President Donald Trump promised to end the war in Ukraine “in 24 hours” on the campaign trail. But 100 days into his administration, his Secretary of State Marco Rubio recently suggested the United States might soon back away from peace deal negotiations altogether.

And on Monday, Russian president Vladimir Putin announced a temporary ceasefire next week after Trump said he thought Ukrainian president Volodymyr Zelenskyy would give up the Crimean Peninsula as part of a truce deal. Zelenskyy has previously said Ukraine could not give up its claim.

Ukrainians are still looking for a peace agreement amid the uncertainty, said Vsevolod Petriv, president of the Boston chapter of the Ukrainian Congress Committee.
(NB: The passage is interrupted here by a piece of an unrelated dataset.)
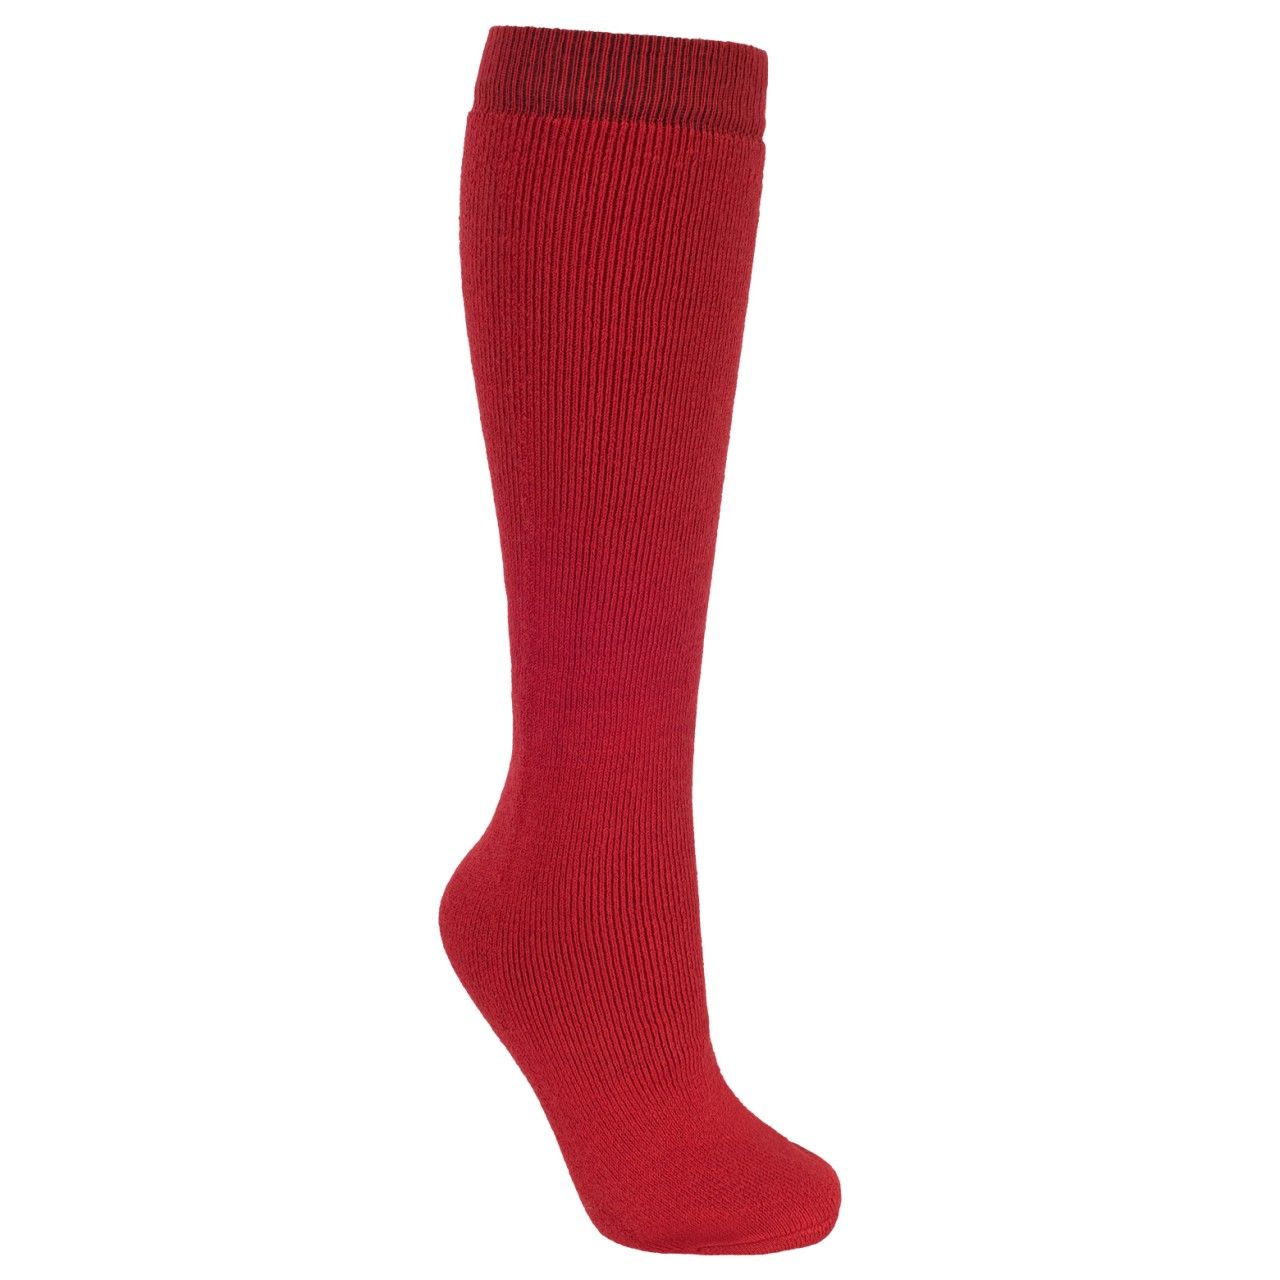 Ski Tube Sock. Warm Ski Sock. Soft and Comfortable. 45% Wool 45% Acrylic 10% Polyamide.

“But everybody’s pretty skeptical of exactly what motivates our current administration in terms of what they envision as a peace agreement,” Petriv told Boston Public Radio on Monday.

More than three years after the invasion, Ukrainians initially hoped that Trump would offer more help than former President Joe Biden so the country could preserve its borders and fend off Russia, Petriv said. But in February, when Trump confronted Zelenskyy in the Oval Office, he says many people’s hopes were dashed.

“That really cemented people’s opinion against [Trump] and also increased Zelenskyy’s popularity,” said Brian Nolen, the founder of the Bedford, N.H.,-based aid group NH4Ukraine, who just returned from a yearlong stay delivering aid to the front lines.

Zelenskyy’s approval rating in his country rose by 10 percentage points in the days after the Oval Office visit, according to a poll by the Kyiv International Institute of Sociology.

Petriv said it remains to be seen whether Ukraine can salvage its defense against Russia if the United States completely pulls its support. European support will be important — and Europe, especially the Baltic states, have a vested interest in keeping Russia out of Ukraine, he said.

“Europe is afraid that if he [Putin] comes in there, what’s gonna stop him from coming after the rest of us?” Petriv said.

In Kharkiv, where Nolen now lives part-time while doing aid work, he said life appears relatively normal, despite the air-raid sirens.

“In Kharkiv, they go off all the time. People basically just ignore them. They carry on with their soccer games,” he said. “If you went into an air-raid shelter every time there was an air-raid alert you’d never get anything done.”

But there are other signs of the four-years-long war. Like in Kharkiv, where students continue in-person learning at fortified, underground schools.

“It’s pretty twisted if you think about it, that you have to do that,” Nolen said. “There’s going to be a lot of trauma, a lot of scars for decades coming from this war.”

Youth organizations are trying to move children to western Ukraine and out of the direct war zones, Petriv said. And dealing with mental health issues of soldiers returning from the war is becoming a bigger issue, he said.